De Sinaasappelsnoek – Yana Rosé

Zonder het zelf te beseffen, had ik ergens diep in mijn onderbewustzijn een passionele aversie ontwikkeld tegen mijn vader en alles wat met hem geassocieerd kon worden. Na vele overpeinzingen en reflectie, concludeerde ik dat hier twee mogelijke oorzaken voor waren:

1) In plaats van ze aan de koelkast te hangen zoals normale ouders dat deden, gooide hij mijn tekeningen altijd meteen weg, zelfs al stond ik er gewoon bij.

2) Het voorval met de Sinaasappelsnoek.

Als kind ben ik ooit eens naar de kust gereisd met enkel mijn vader en mijn heks van een nanny als gezelschap. Om even kort door de bocht te gaan, die twee konden niet van elkaar afblijven, en het was zo pijnlijk duidelijk dat zelfs een jongetje van acht het doorzag. Voor hen was ik een stalen blok aan hun been. Om me even zoet te houden, droegen ze me tijdens een strandwandeling op naar een Sinaasappelsnoek te zoeken. Ik mocht niet van de steiger af voor ik er eentje gevonden had en moest ‘m meenemen als bewijs. Uiteraard vroeg ik, een slim kind, hoe zo’n wezen er in vredesnaam uitzag, maar ze drukten me op het hart dat ik hem wel zou herkennen als ik hem zag. Ik dus maar zoeken en zoeken en zoeken, tot ik de hoop verloor en deerniswekkend begon te schreien, moederziel alleen in een overbevolkte badstad in het zuiden van Engeland. Alsof dit alles nog niet dramatisch genoeg was, vergaten ze me ook nog eens terug op te pikken. Ze waren naar het hotel gegaan zonder mij en hadden me zo gedwongen de nacht door te brengen met Jimmie, een aardige crackverslaafde die in één van de strandcabines woonde. Tot die welbepaalde dag had ik niet geweten dat vaders konden liegen. Daarvoor was ik er altijd van uitgegaan dat ze gewoonweg niet wisten hoe ze eraan moesten beginnen, dat hun DNA-code het hen verhinderde.

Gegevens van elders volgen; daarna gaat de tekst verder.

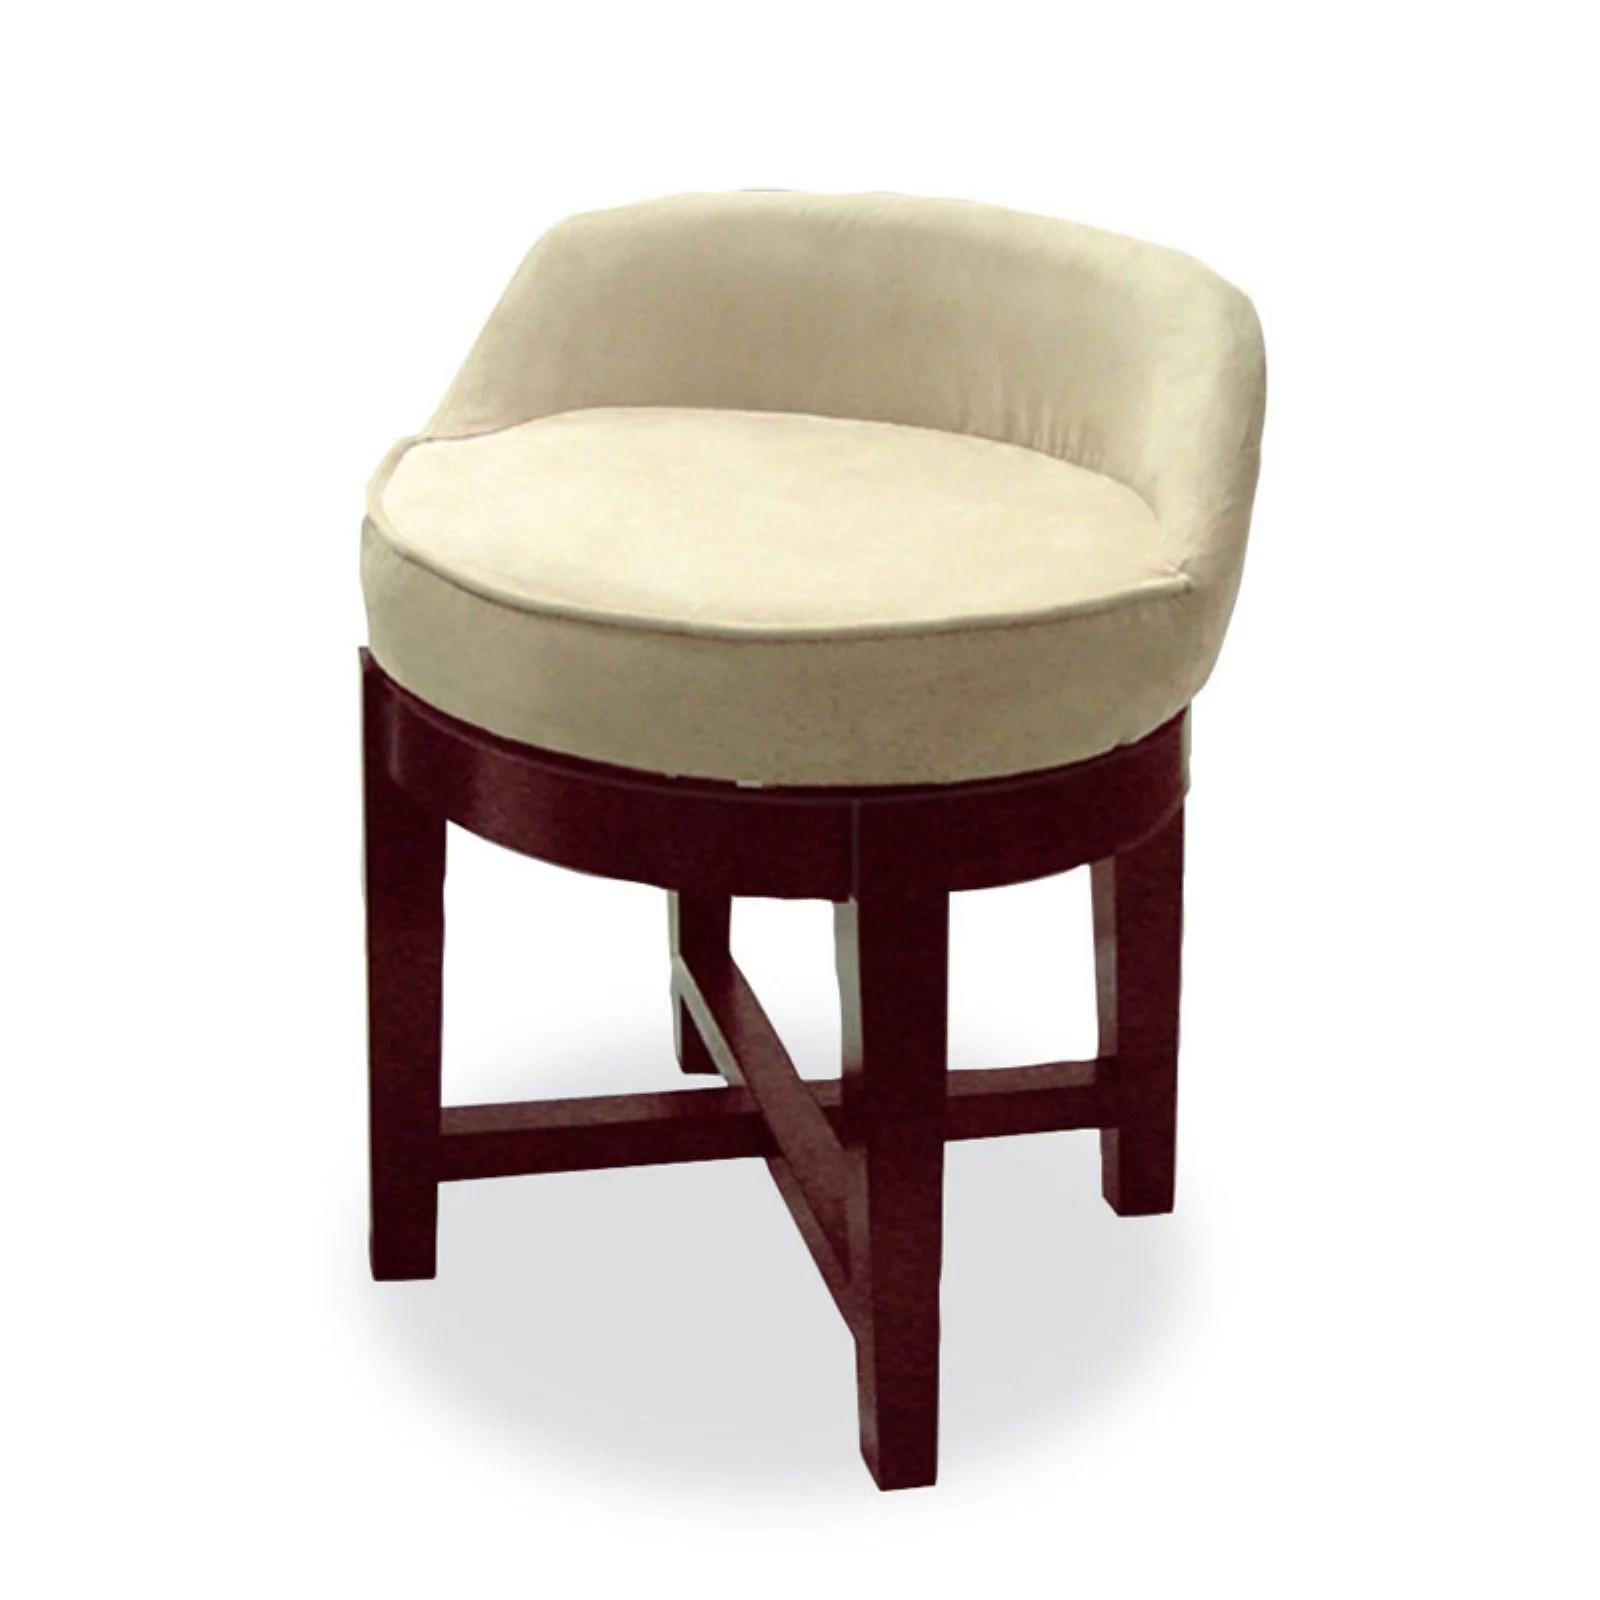 swivel upholstered chairs chair steel legs vanity walmart com

Zoals dat wel vaker voor komt bij traumatische gebeurtenissen, had ik de herinnering hieraan diep in mijn geest begraven en duurde het ettelijke jaren voor deze terug naar boven kwam drijven, tijdens een gesprek dat er op zich niets mee te maken had. Om dit gesprek als objectieve toeschouwer volledig te kunnen plaatsen, moet ik u eerst inlichten over de omzwervingen die eraan vooraf gingen.

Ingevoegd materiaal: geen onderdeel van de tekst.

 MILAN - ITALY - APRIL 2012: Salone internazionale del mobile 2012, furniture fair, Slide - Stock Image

Het eerste studiesemester van 1968 was net tot z’n einde gekomen en ik was er op onfeilbare wijze in geslaagd al mijn resultaten te verknoeien. Ik was net twintig geworden en schepte er genoegen in alles met de opperste ernst te ontwaren, met de pretentieuze flair van een jongen die dacht dat hij een man was. Dit uitte zich in pietluttigheden die vaak onopgemerkt bleven – zo droeg ik uitsluitend zwarte coltruien en had ik een protestposter tegen de Vietnamoorlog in mijn studentenkamer hangen, terwijl al mijn leeftijdsgenoten prenten van mooie meisjes aan de muur kleefden – maar ze gaven nog steeds te kennen dat ik een hautain, onuitstaanbaar ettertje was. Ondanks mijn verwaandheid durfde ik niet uit te stappen toen mijn trein het station van Liverpool bereikte. Ik wou mijn vader niet onder ogen komen in de wetenschap dat ik voor ieder vak gezakt was.
Aldus liet ik de flitsende, vormeloze fracties van landschappen achter het raam gestaag langs me heen glijden terwijl mijn gedachten pendelden tussen diepten met en diepten zonder bodem. Iets na elf uur stopte de trein bij de laatste halte en joegen de argwanende blikken van de conducteur me de wagon uit.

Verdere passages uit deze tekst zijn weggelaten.